Siva Bhaskaradas said,
August 17, 2007 @ 2:14 am
The 1998 Canadian Supreme Court ruling on question2
The Court was also required to consider whether a right to unilateral secession exists under international law. Some supporting an affirmative answer did so on the basis of the recognized right to self-determination that belongs to all “peoples”. Although much of the Quebec population certainly shares many of the characteristics of a people, it is not necessary to decide the “people” issue because, whatever may be the correct determination of this issue in the context of Quebec, a right to secession only arises under the principle of self-determination of people at international law where “a people” is governed as part of a colonial empire; where “a people” is subject to alien subjugation, domination or exploitation; and possibly where “a people” is denied any meaningful exercise of its right to self-determination within the state of which it forms a part. In other circumstances, peoples are expected to achieve self-determination within the framework of their existing state. A state whose government represents the whole of the people or peoples resident within its territory, on a basis of equality and without discrimination, and respects the principles of self‑determination in its internal arrangements, is entitled to maintain its territorial integrity under international law and to have that territorial integrity recognized by other states. Quebec does not meet the threshold of a colonial people or an oppressed people, nor can it be suggested that Quebecers have been denied meaningful access to government to pursue their political, economic, cultural and social development. In the circumstances, the “National Assembly, the legislature or the government of Quebec” do not enjoy a right at international law to effect the secession of Quebec from Canada unilaterally.

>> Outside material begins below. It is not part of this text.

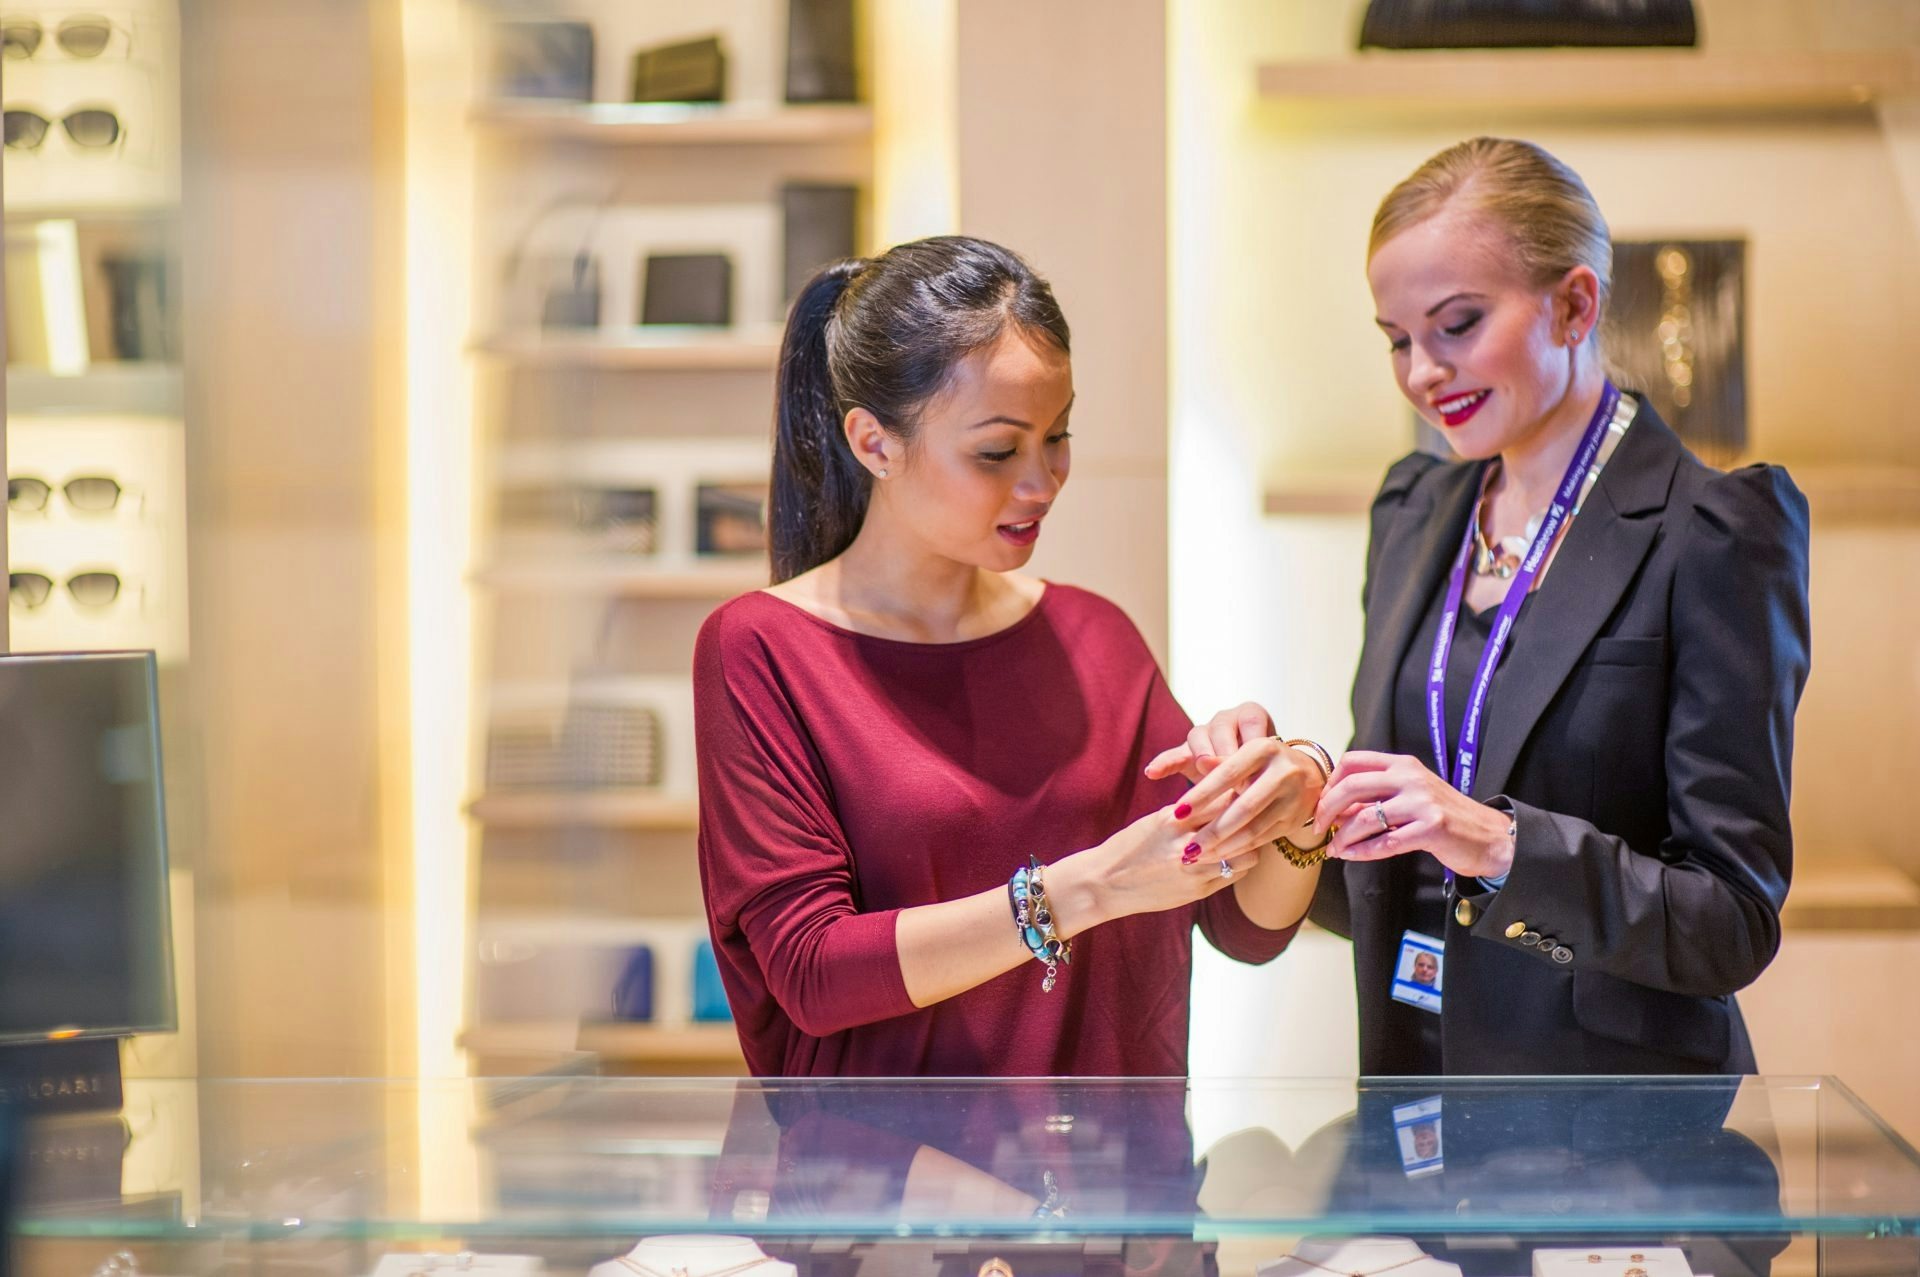 Heathrow Airport's passenger ambassadors were found to actively pursue Chinese travelers to encourage them to spend money in airport stores. (Courtesy Photo)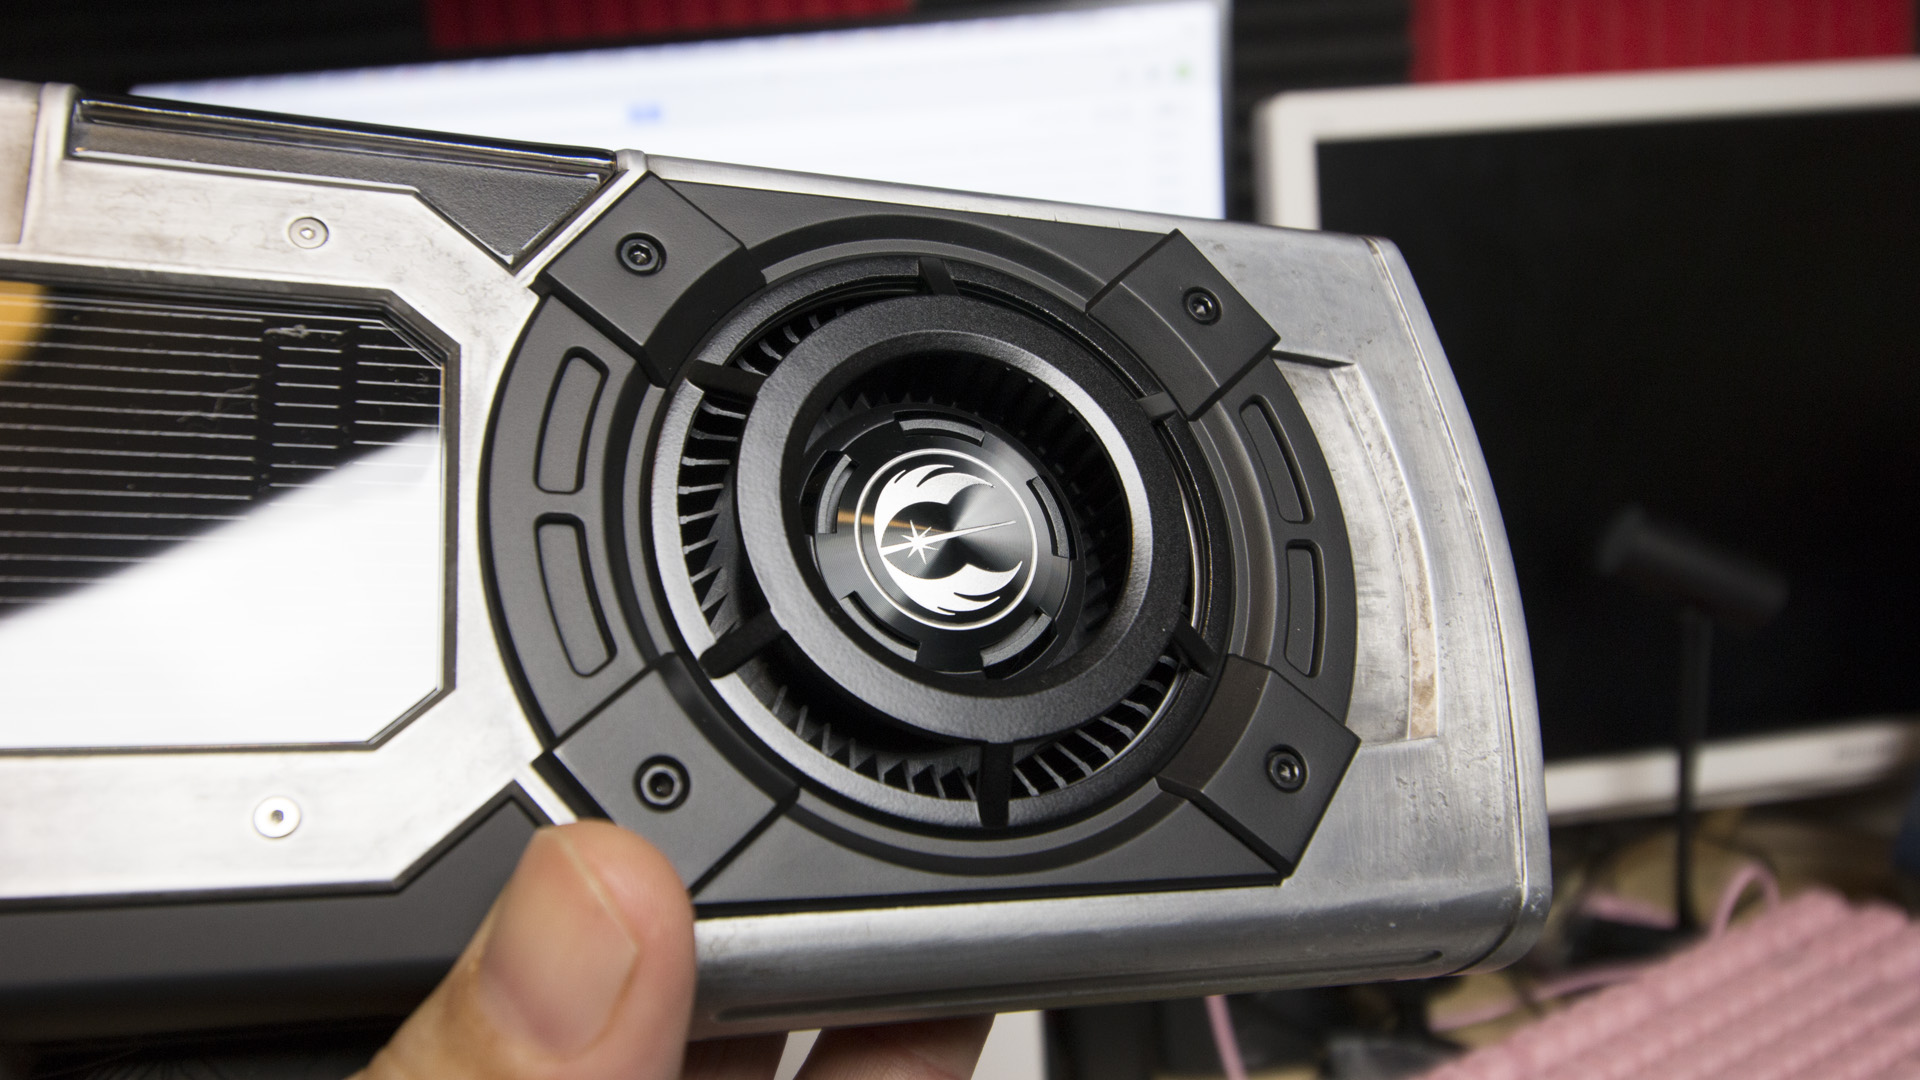 A $1,200 Graphics Card Might As Well Be Star Wars Themed

Although there is no right, under the Constitution or at international law, to unilateral secession, the possibility of an unconstitutional declaration of secession leading to a de facto secession is not ruled out. The ultimate success of such a secession would be dependent on recognition by the international community, which is likely to consider the legality and legitimacy of secession having regard to, amongst other facts, the conduct of Quebec and Canada, in determining whether to grant or withhold recognition. Even if granted, such recognition would not, however, provide any retroactive justification for the act of secession, either under the Constitution of Canada or at international law.
Reference re Secession of Quebec, [1998] 2 S.C.R. 217
My question is – Are Tamils denied meaningful access to government to pursue their political, economic, social and cultural development?
If yes, they are entitled to external self-determination. As the Tamils do not get international recognition for the right to external self-determination, they definitely get support from the IC for the right to internal self-determination. The best thing for MR is to accept the OSLO declaration (federal form of government).